- What the exercise asks: Without the pictures, print each of the records below exactly as it appears.

- Items from a data source:
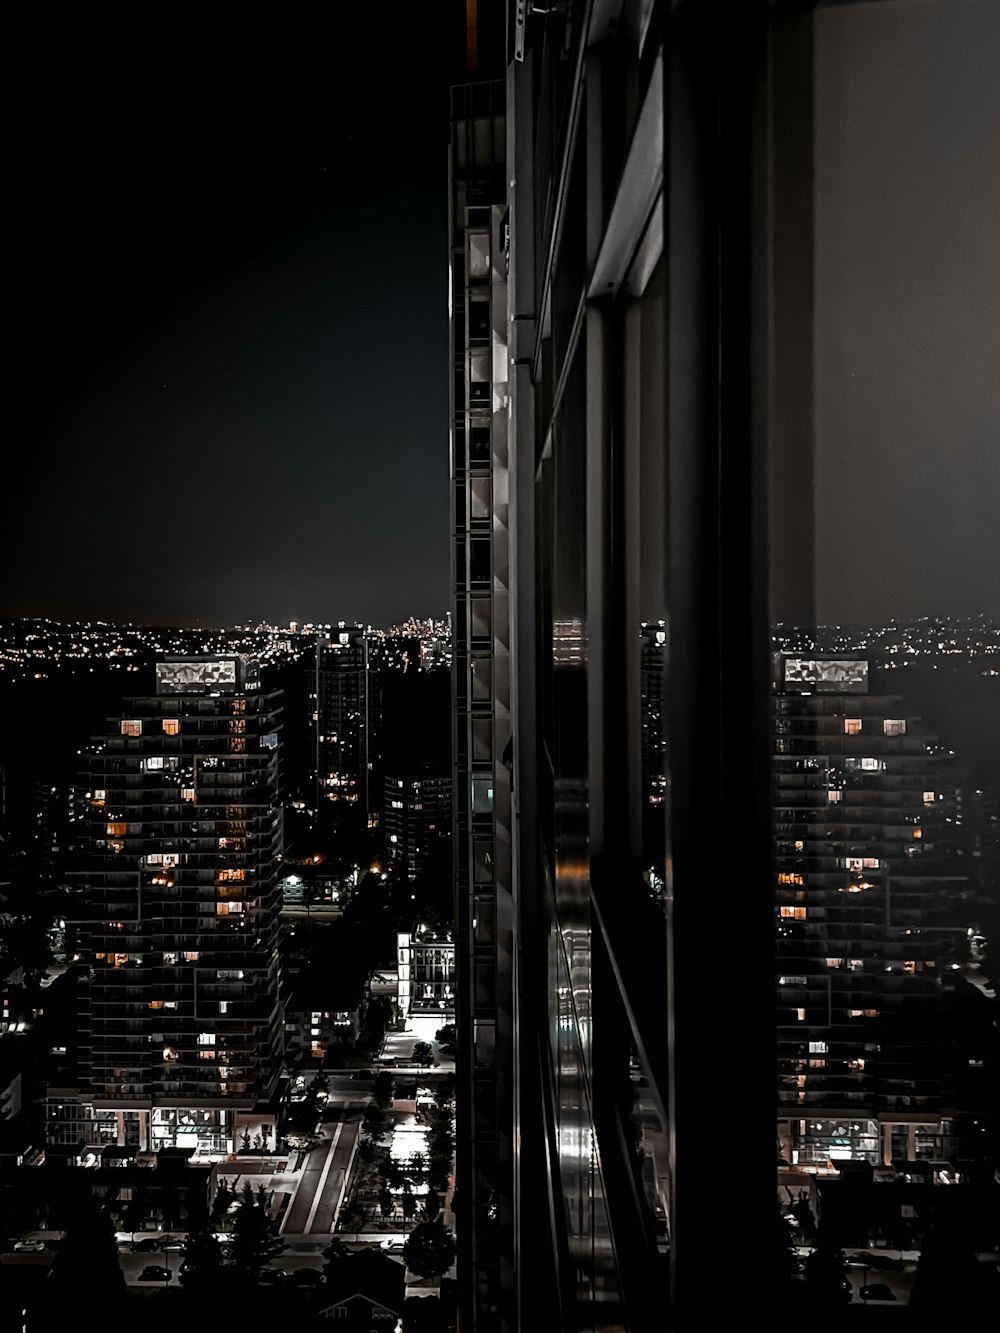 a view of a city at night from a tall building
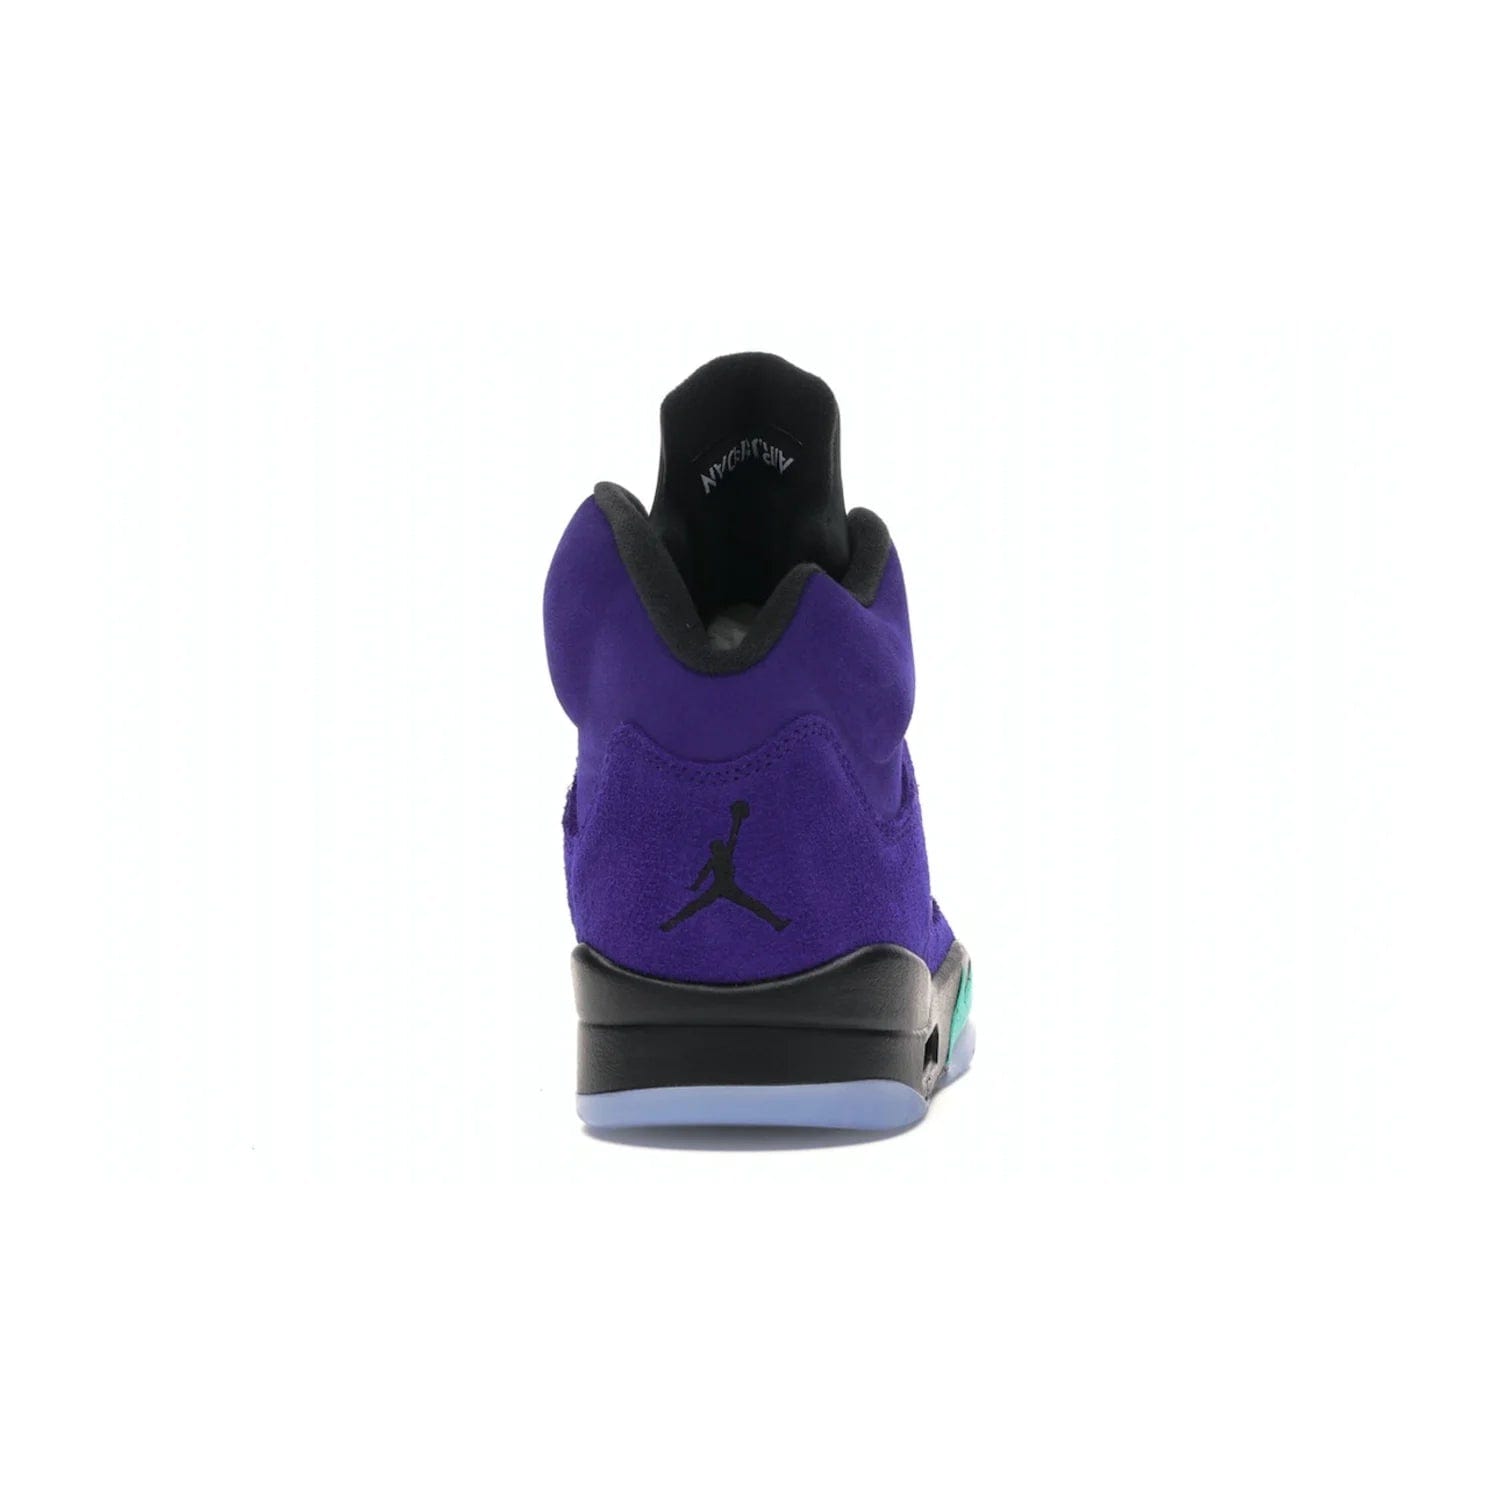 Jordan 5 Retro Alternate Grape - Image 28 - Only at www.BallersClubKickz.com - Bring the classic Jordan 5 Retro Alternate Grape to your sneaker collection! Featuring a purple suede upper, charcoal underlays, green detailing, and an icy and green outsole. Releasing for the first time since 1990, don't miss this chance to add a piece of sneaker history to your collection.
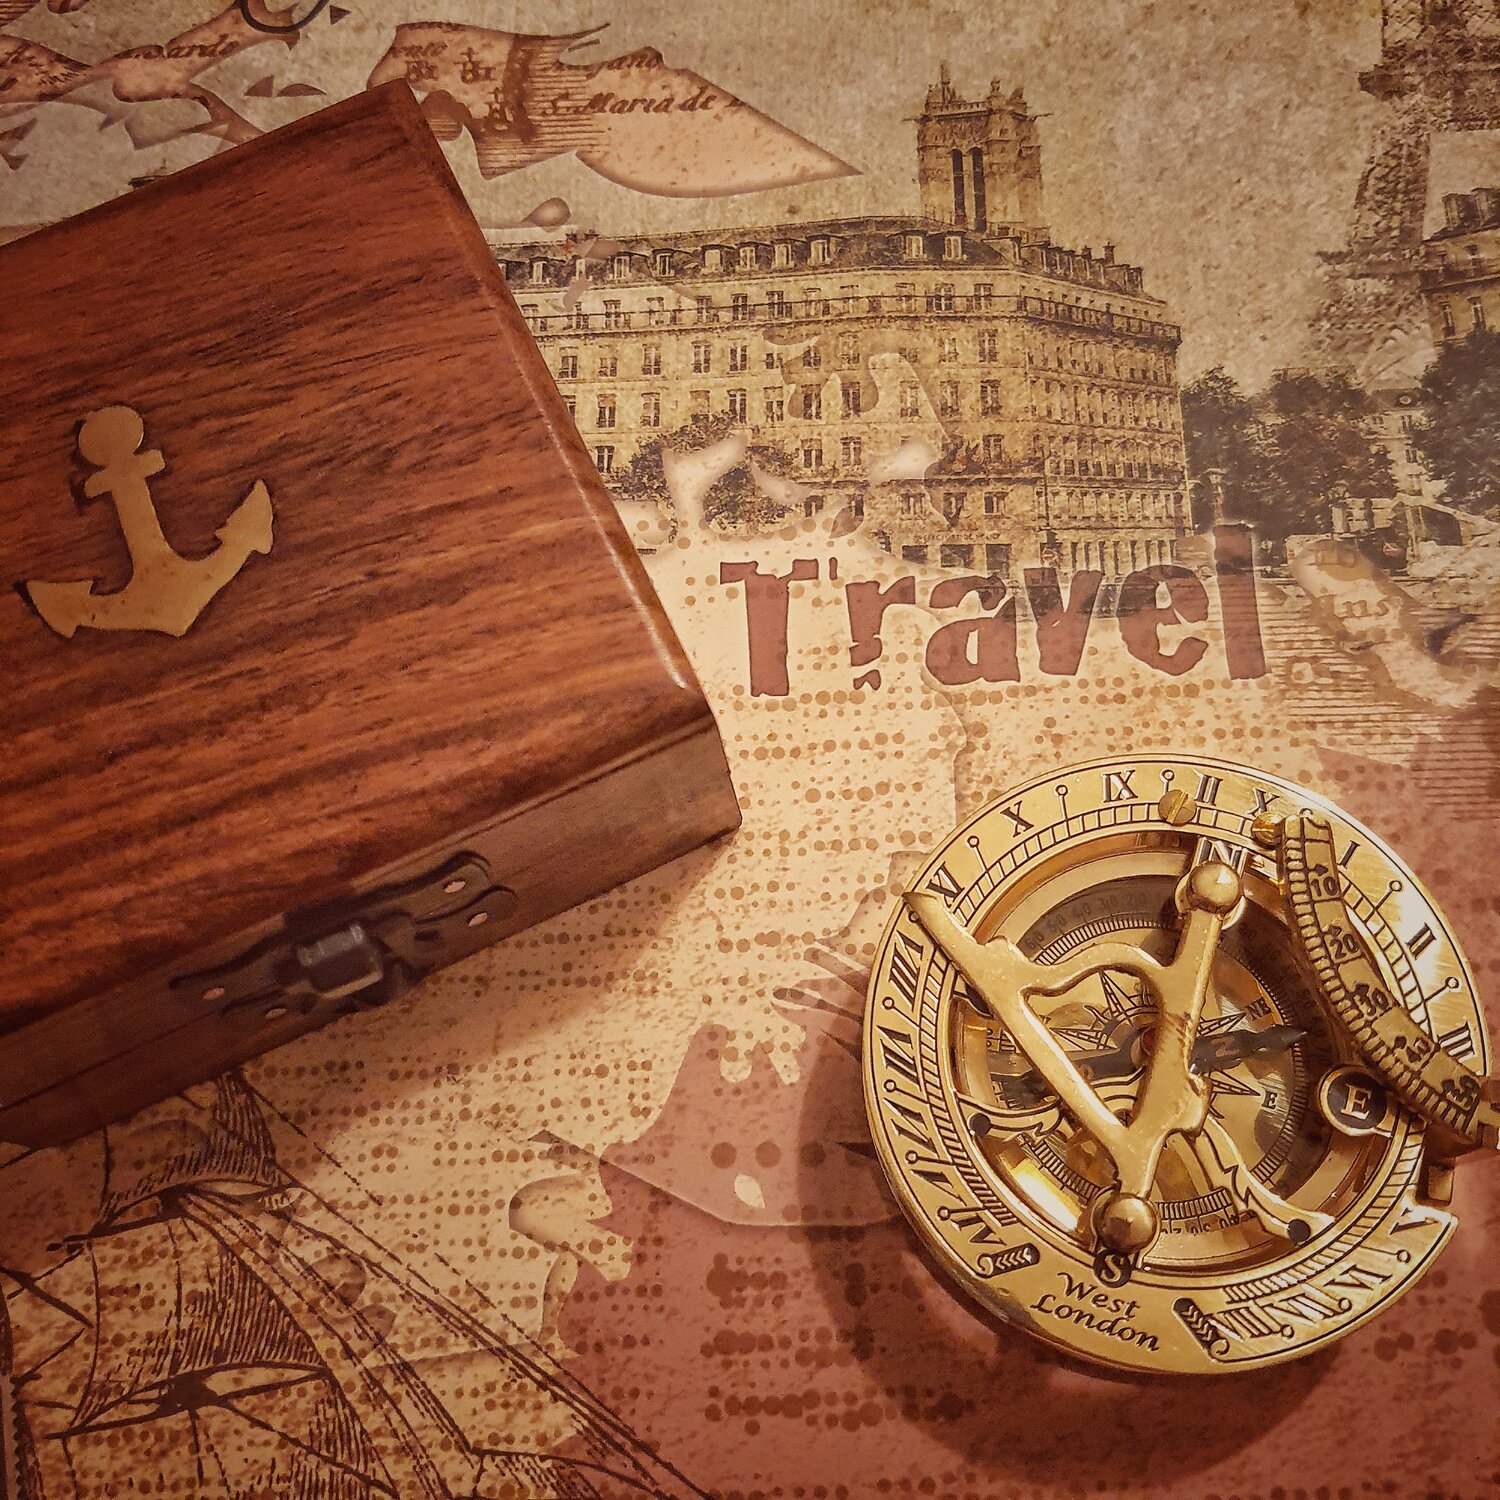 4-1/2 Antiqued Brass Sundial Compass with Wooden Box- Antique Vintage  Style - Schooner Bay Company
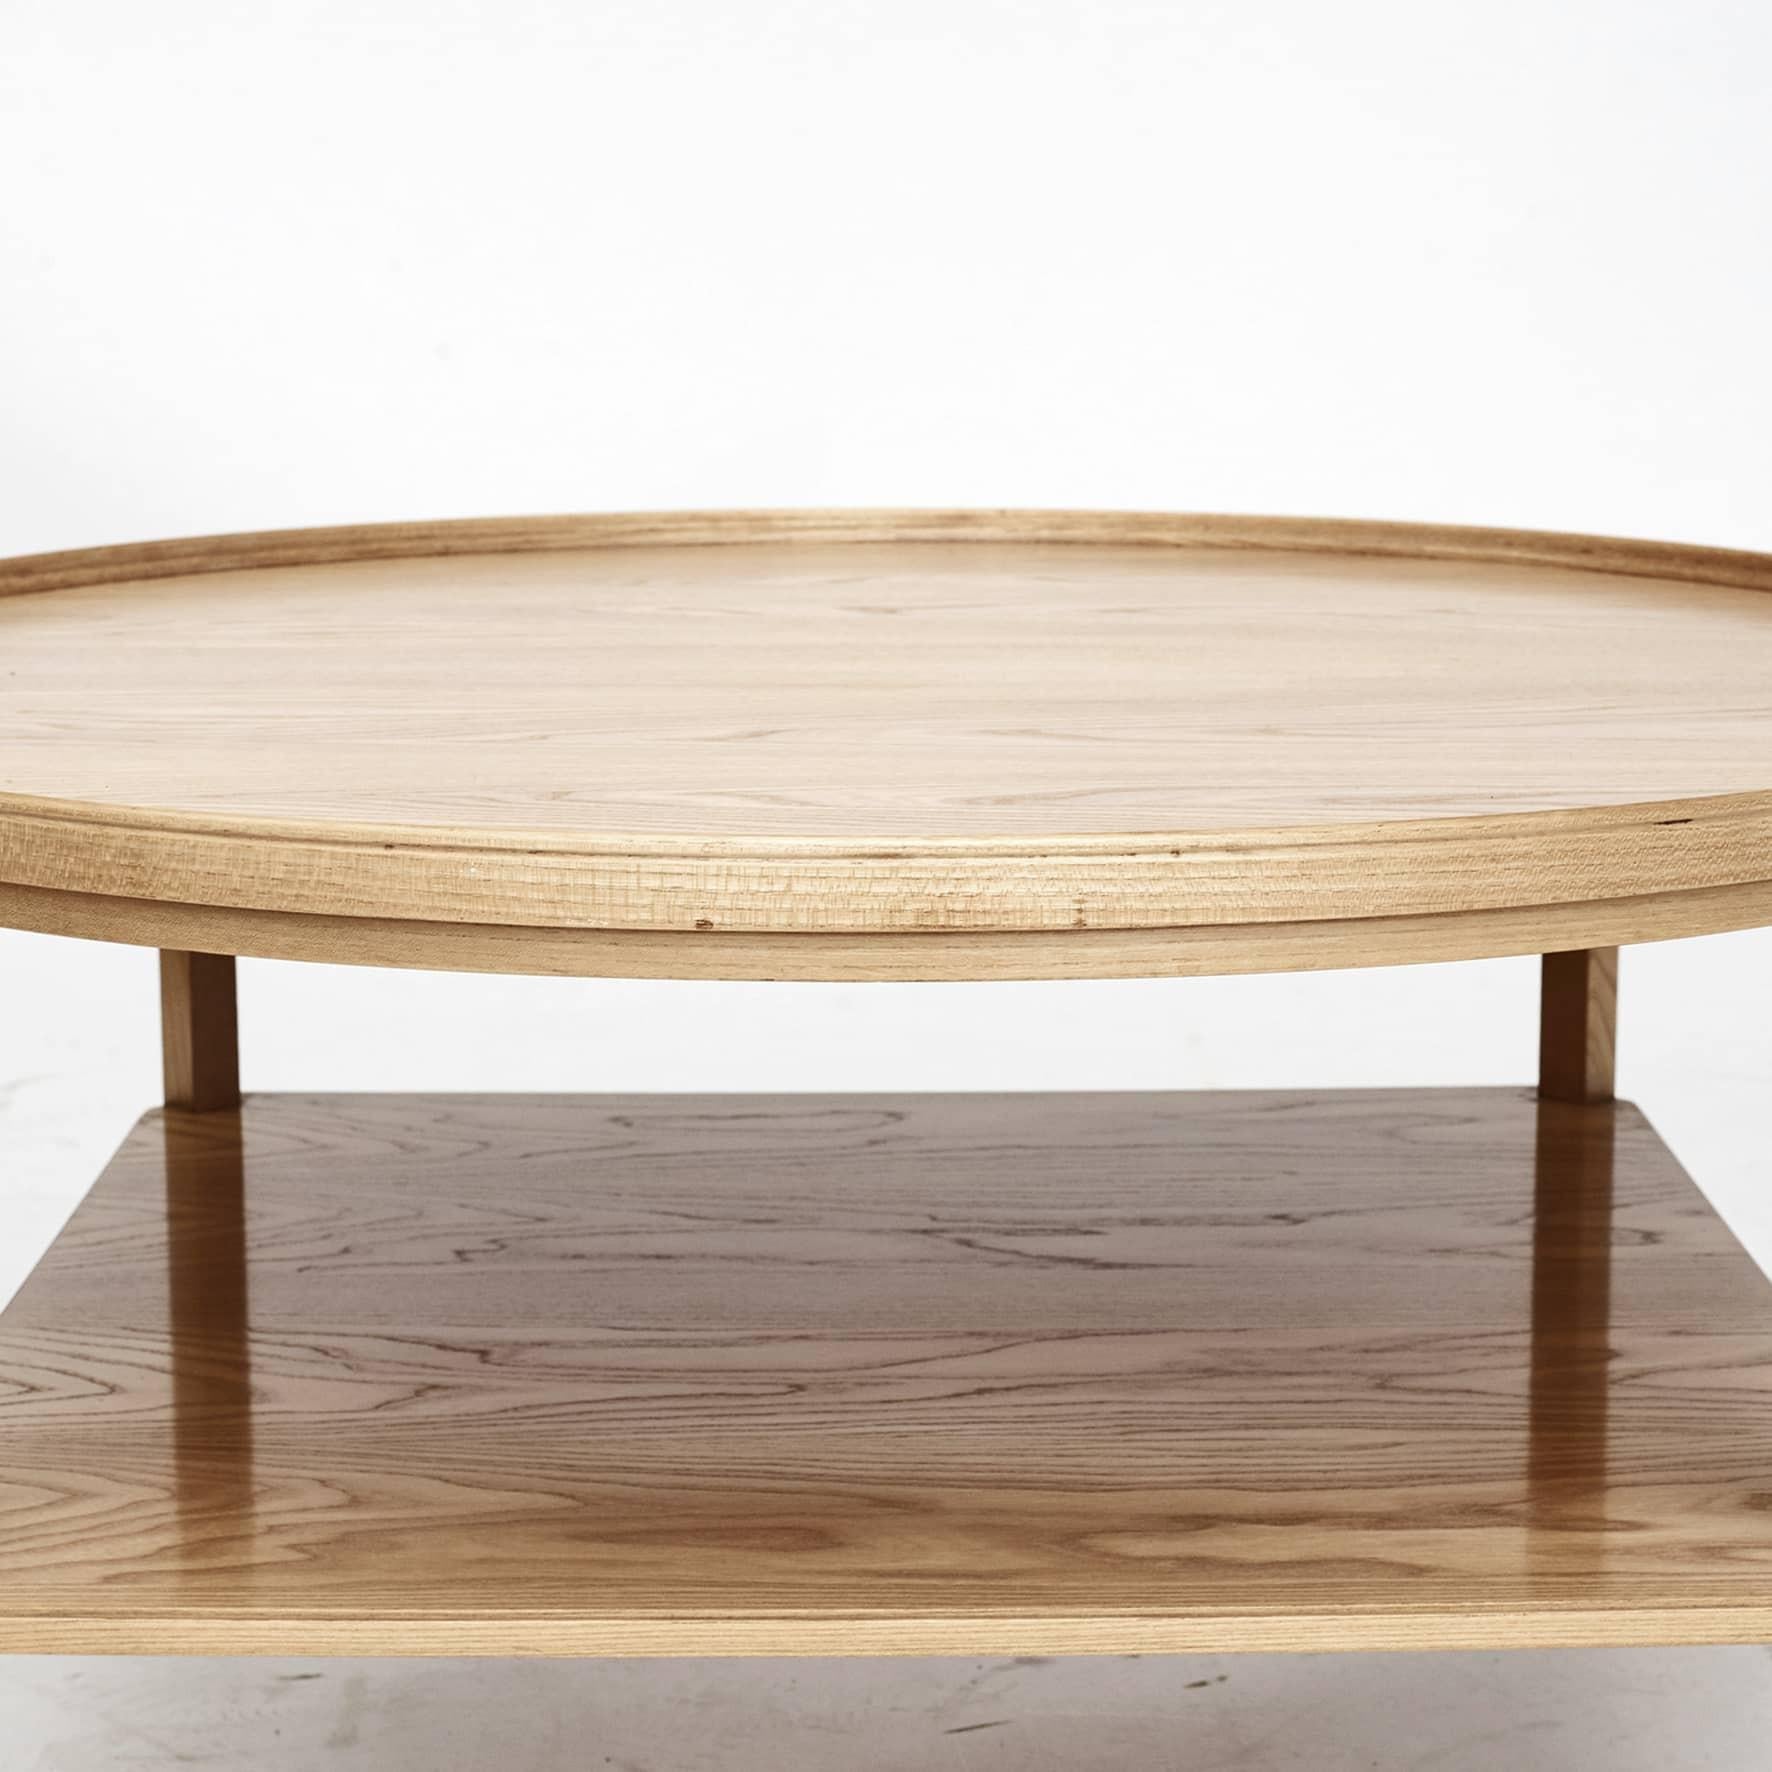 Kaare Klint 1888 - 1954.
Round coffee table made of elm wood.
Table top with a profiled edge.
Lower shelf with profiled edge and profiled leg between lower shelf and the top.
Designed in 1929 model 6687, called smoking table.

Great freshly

- Written response:
 a view of a city at night from a tall building
 Jordan 5 Retro Alternate Grape - Image 28 - Only at www.BallersClubKickz.com - Bring the classic Jordan 5 Retro Alternate Grape to your sneaker collection! Featuring a purple suede upper, charcoal underlays, green detailing, and an icy and green outsole. Releasing for the first time since 1990, don't miss this chance to add a piece of sneaker history to your collection.
 4-1/2 Antiqued Brass Sundial Compass with Wooden Box- Antique Vintage  Style - Schooner Bay Company
 Kaare Klint 1888 - 1954.
Round coffee table made of elm wood.
Table top with a profiled edge.
Lower shelf with profiled edge and profiled leg between lower shelf and the top.
Designed in 1929 model 6687, called smoking table.

Great freshly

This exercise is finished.